Seduction as a category binds together the ambivalence--the pleasure and the invisible coercions--of male/female relations, while at the same time transgressing the implicit imperative in patriarchal societies to confine eroticism and its politics to the closet. Seductions consists of five loosely connected, almost autonomous chapters, which nevertheless trace a historical progression from the eighteenth century to the present. Miller borrows Antonio Gramsci's idea of "hegemony," using it to contextualize her readings of two famous literary seductions, as told through Richardson's Clarissa and Jane Austen's Sense and Sensibility. The second chapter focuses on Raymond Williams' novels and criticism, using them to chart the larger exclusions of feminism by Marxism.
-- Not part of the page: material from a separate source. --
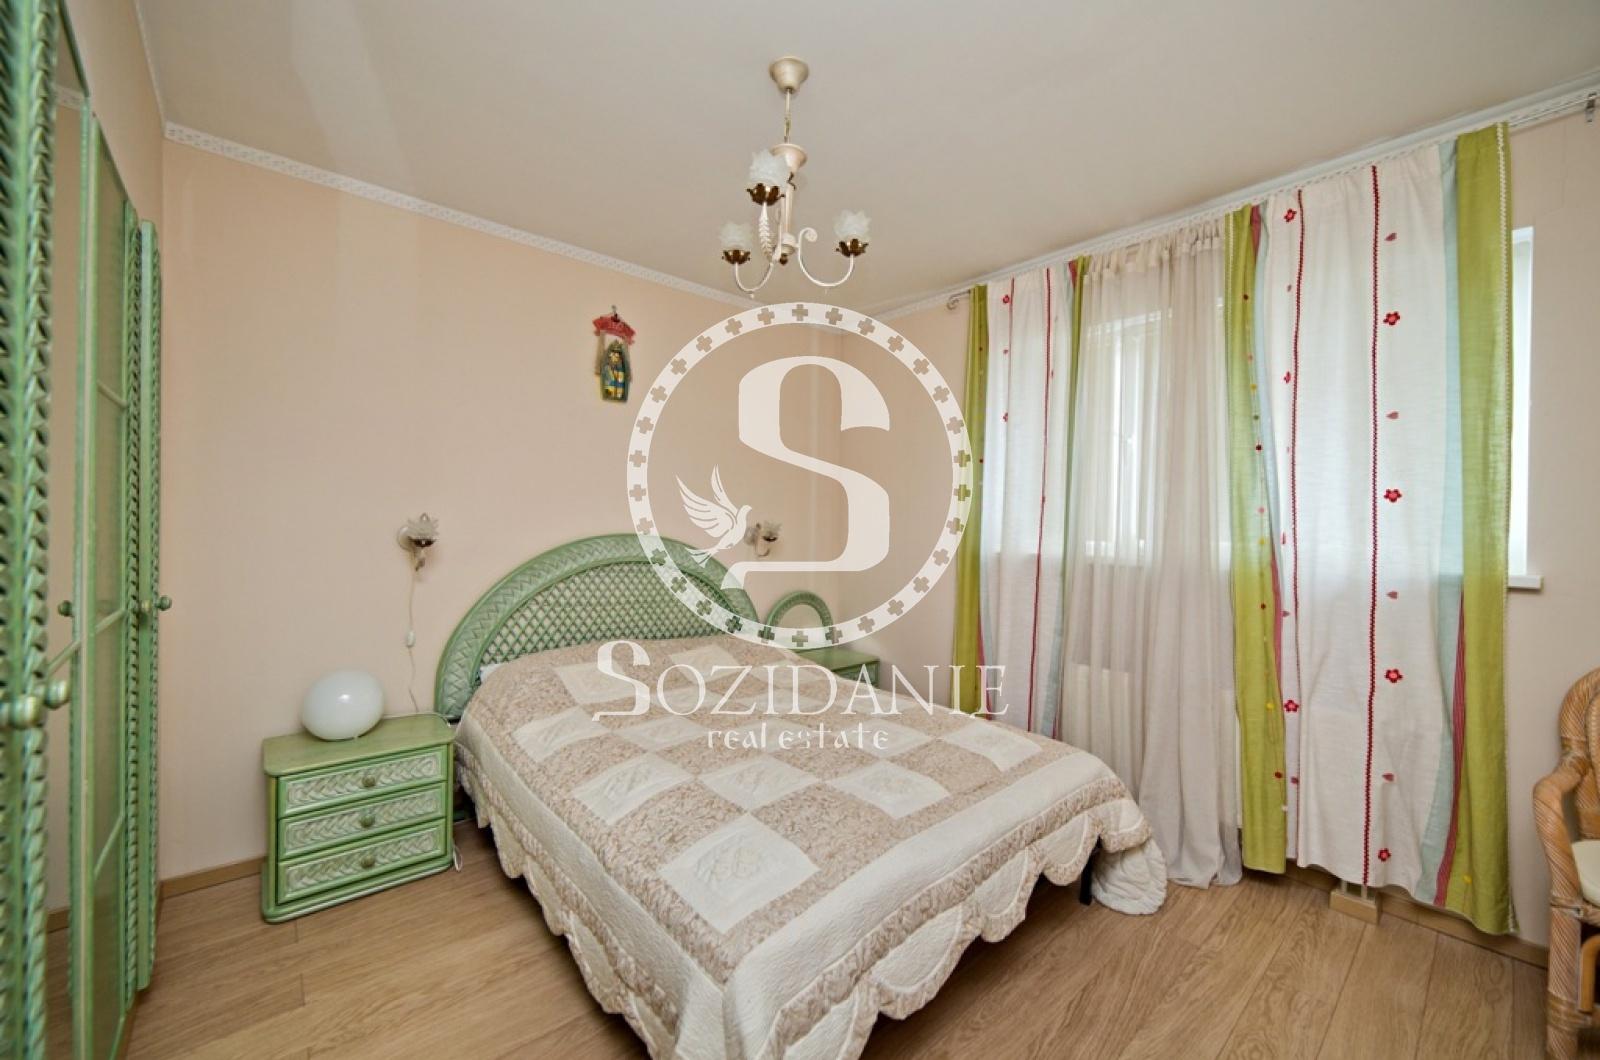 3 Bedrooms, Загородная, Аренда, Listing ID 1094, Московская область, Россия,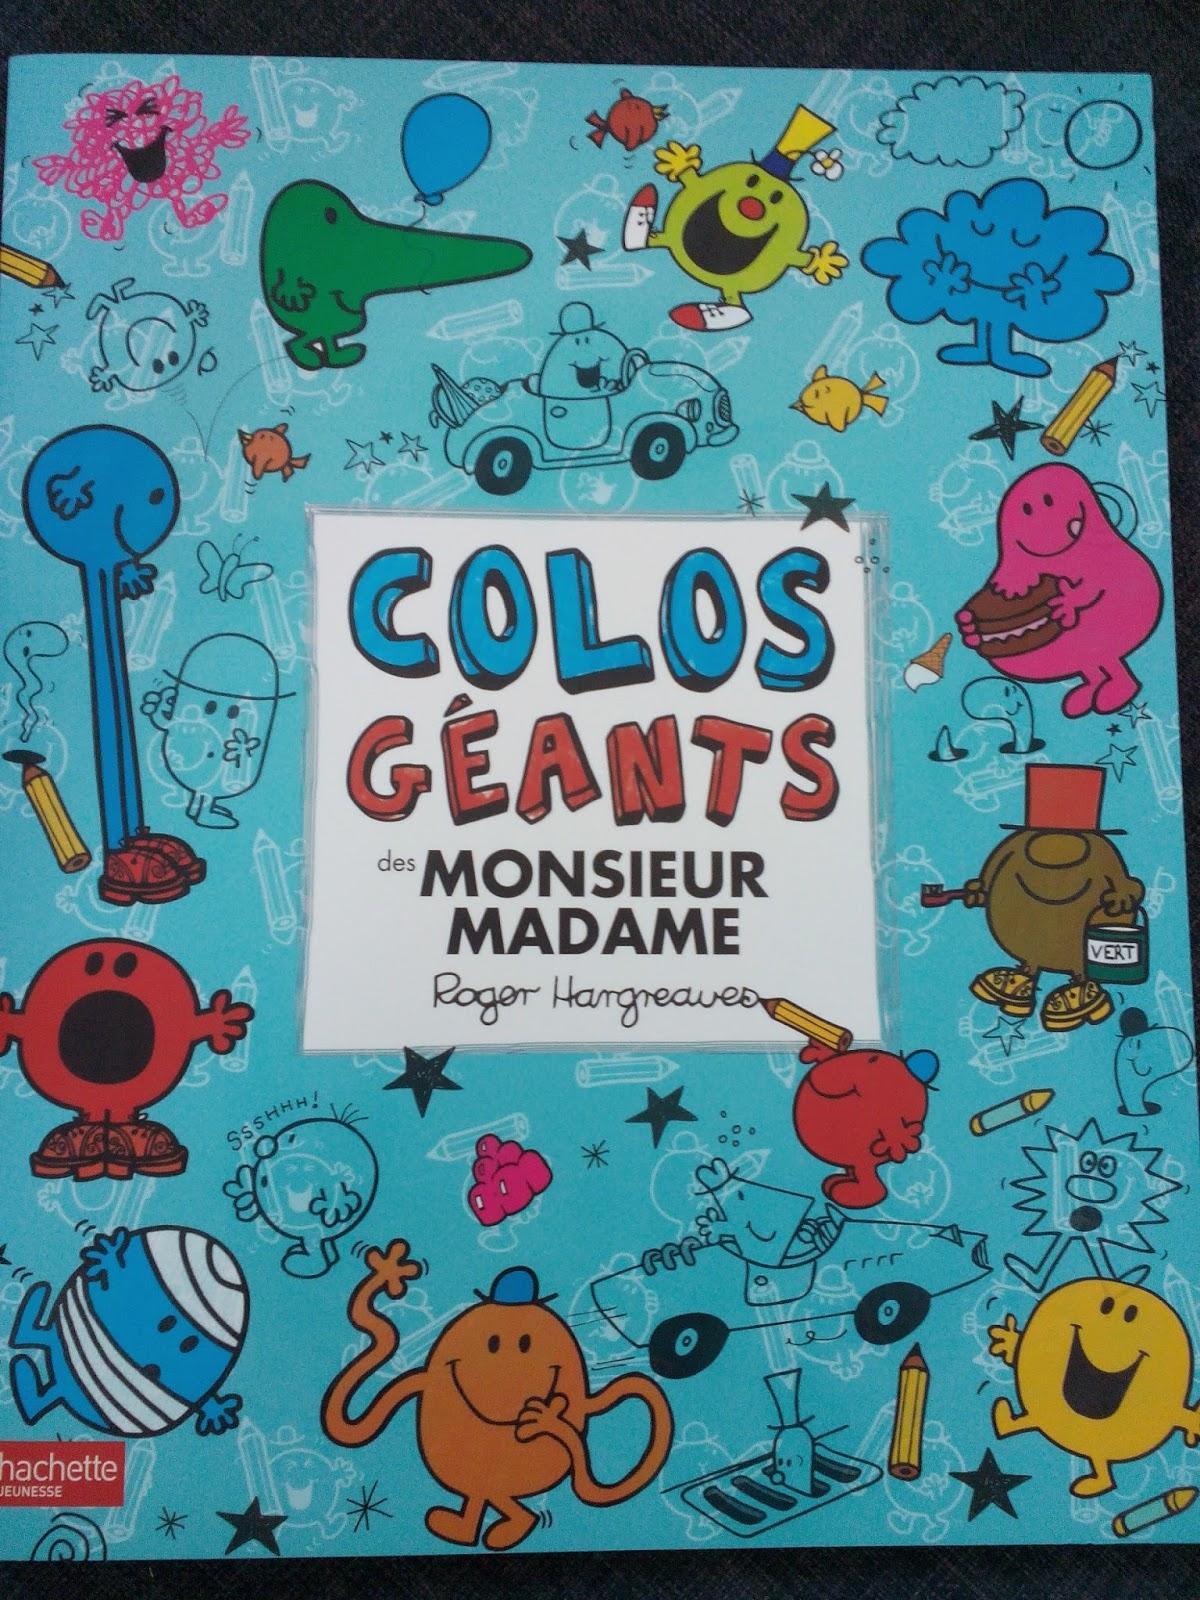 Coloriage Geant Chevalier.Sous Le Feuillage Colos Geants Des Monsieur Madame Ou Est Charlie

The author enlists Carolyn Steedman's Landscape for a Good Woman in an attempt to survey Williams' telling silences. The third chapter reconstructs and analyzes the life and career of Clara Collet, Miller's great-aunt, close friend of George Gissing, civil servant, and expert on women's education and work. Through Collet, Miller bestows individual color on the pressures inflicted on professional women to assume male perspectives and procedures. The fourth chapter is superb. Bracketed by discussions of Charlotte Bronte's Villette and Toni Morrison's Beloved, it questions influential treatments of colonialism and orientalism which use women as a metaphor without listening for the testimony of real women. It is a moving plea to set the category of "women" alongside more privileged categories of class and race. The final chapter counterpoints the internal contradictions in the "polyphonic" theories of Bakhtin and Volosinov with an account of women's distrust of other women in Margaret Atwood's Cat's Eye. By ending with an evocation of women's self-dislike, Miller emphasizes the chilling ways in which cultural exclusions and degradations of women are internalized and replicated by complicitous victims.